If you look closely, the first time the video shows process explorer, the PID of the parent chrome process is 1388 with integrity at "Medium", and a child chrome process's PID is 1928 with integrity set at "Low". After the hack, process explorer shows a child chrome process with PID 804 and integrity "Medium", all other processes except for the calculator are obscured. I can guess-timate that the original parent and child are still there though, as there is still a low integrity process somewhat near the bottom of the list.
After looking at the documentation for process explorer, the gray colored process line (most likely the parent chrome process) is suspended, which seems odd. I'm not entirely sure I'm seeing the correct part of the process explorer docs here.
Another thing to note is that the calc.exe process has no parent. That means that whatever spawned it has already died.
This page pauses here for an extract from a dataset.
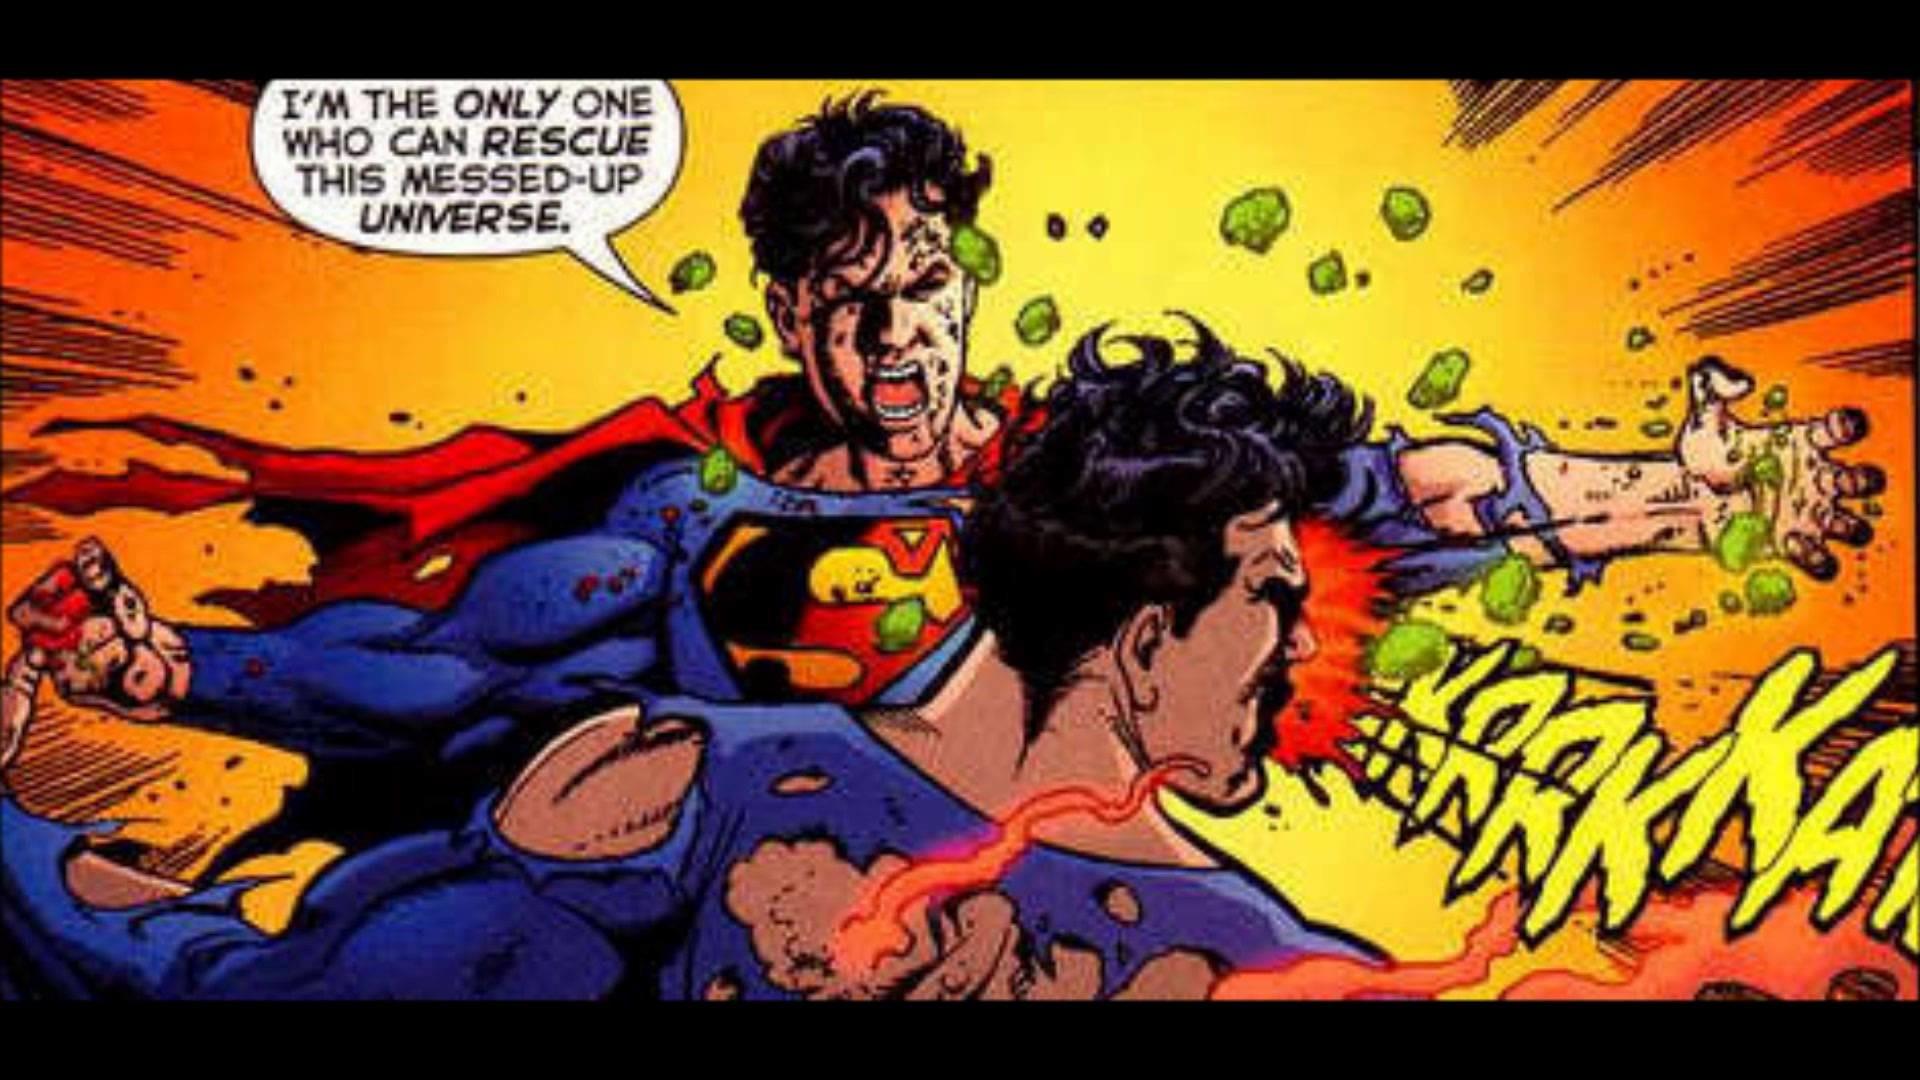 Superboy-Prime vs. Superman – Infinite Crisis #7, DC Comics

The video suggests that a fairly standard ASLR attack was made: guess and check. ASLR makes it difficult to reliably guess an address the first time. Most of the time, if a hack guesses wrong, the process dies and the attacker doesn't get another chance. It seems that the attacker found a place (or made a place) where they could "guess" repeatedly. Given the prior information, that suggests that the child process somehow caused the parent process to repeatedly spawn chrome subprocesses that had some attacker controlled information in it. Each time, that information is probably a little bit different until the attacker guessed "right", and successfully executed the right attack code.